John Holmes, Under-Secretary-General for Humanitarian Affairs, said today that he and other humanitarian actors would push negotiators at the United Nations Climate Change Summit in Copenhagen to guarantee sufficient funding and action plans to help the world's poorest, most vulnerable people adapt to the changing weather patterns threatening their physical and economic survival.
"Our particular concern is that the focus should not just be on mitigation, that is, the reduction of emissions. The focus should be on adaptation to the effects of climate change now and in the next few years, and adaptation particularly for developing countries", Mr. Holmes said during a Headquarters press conference this afternoon.
As unprecedented drought strips agricultural production in sub-Saharan Africa and the melting of Himalayan glaciers causes greater flooding in South Asia, the global humanitarian aid community wants to ensure that a good portion of the $10 billion in annual funding proposed by rich countries to help poor countries tackle climate change over the next three years goes to disaster-risk reduction and preparedness plans. While vital, such steps to relocate and bring food and supplies to affected populations are often neglected and under-funded. "They're messages we've been trying to repeat for the past year, but we need to make sure they continue to be heard amidst the cacophony that I'm sure will be in Copenhagen", said the Under-Secretary-General, who is also United Nations Emergency Relief Coordinator.
In addition to Mr. Holmes, the heads of the Organization's specialized agencies and programmes, non-governmental bodies and other humanitarian actors will attend the two-week Summit, where representatives of 192 nations are gathering this week and next to seek consensus on an international strategy to fight global warming in the post-2012 period following the expiry of the 1997 Kyoto Protocol. The Summit -- the largest ever on climate change -- aims to hammer out an ambitious deal that will include specific recommendations on mitigation, adaptation, finance and technology. On 15 December, "Humanitarian Day", Mr. Holmes and others hope to draw attention to the humanitarian consequences of climate change. It is feared that unpredictable, extreme weather will add millions more people to the 1 billion worldwide who are already "food insecure", or lacking enough to eat.
He said that in much of sub-Saharan Africa, where 90 per cent of agriculture was rain-fed, climate change was expected to cut rainfall by half by 2020. Malaria and dengue fever -- already serious public-health concerns in tropical areas -- were expected to worsen as warmer weather and greater rainfall provided optimal conditions for mosquitoes -- which spread the two diseases -- to breed and expand into new areas. Moreover, for many people and countries, climate change was not a distant threat, but a current reality. They must be given the means to protect themselves, he said.

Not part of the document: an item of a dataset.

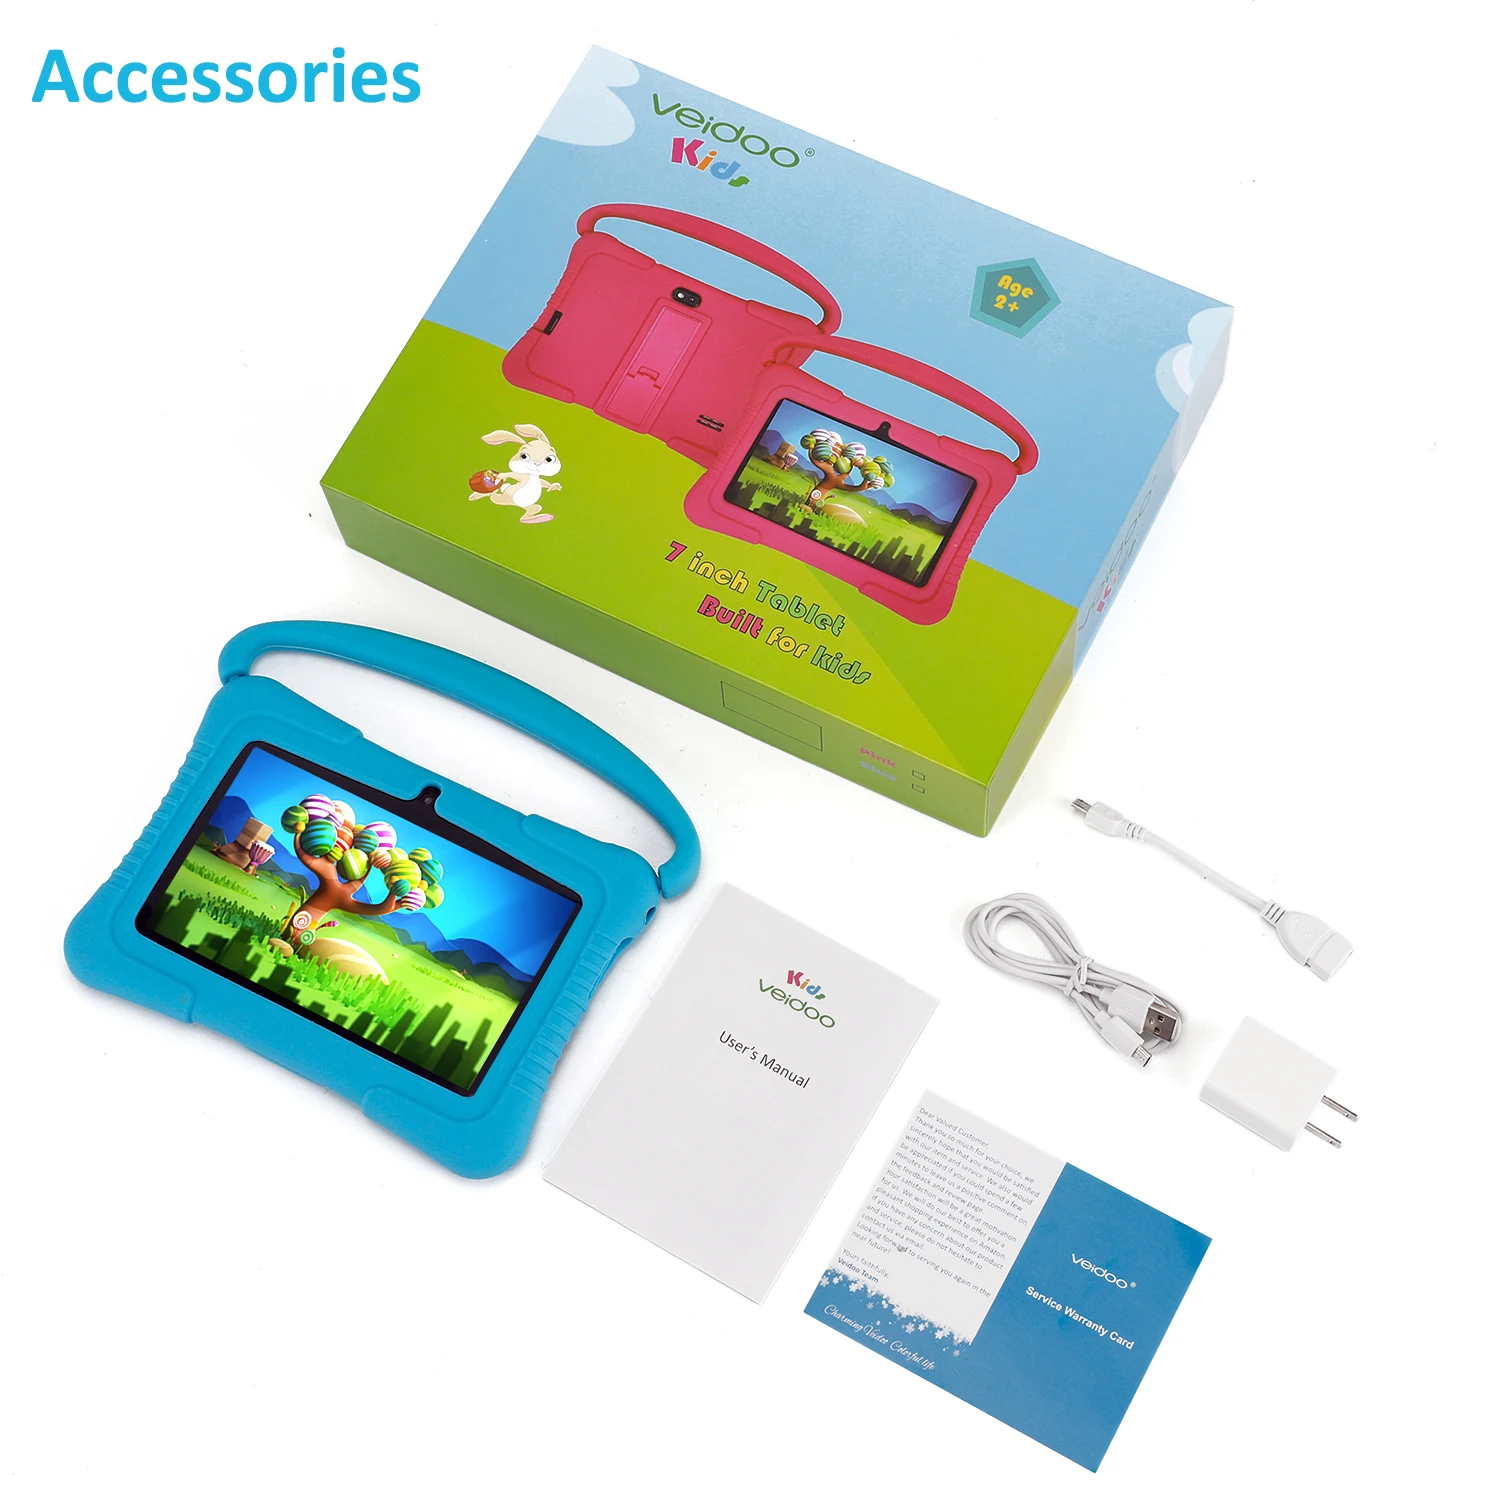 Product Price 7 Inch Android Kids Tablet Without Sim Card - Buy

Asked whether he and other humanitarian actors would focus on specific countries during Humanitarian Day, the Under-Secretary-General said they would cite as examples worth emulating countries that were far better equipped today than in the past to manage natural disasters on their own. Among them would be Bangladesh, where the Government's ability to adapt to cyclones had improved dramatically in the last 40 years, and Mozambique, which had improved its preparedness for flooding in the last three years.
As for the plight of the Maldives and other small island developing States expected to disappear due to climate change, he said many important factors must be addressed, such as whether to legally classify their inhabitants as "climate refugees" as a way to distinguish them from economic migrants. Severe problems would arise, but the answers were not yet apparent, he added.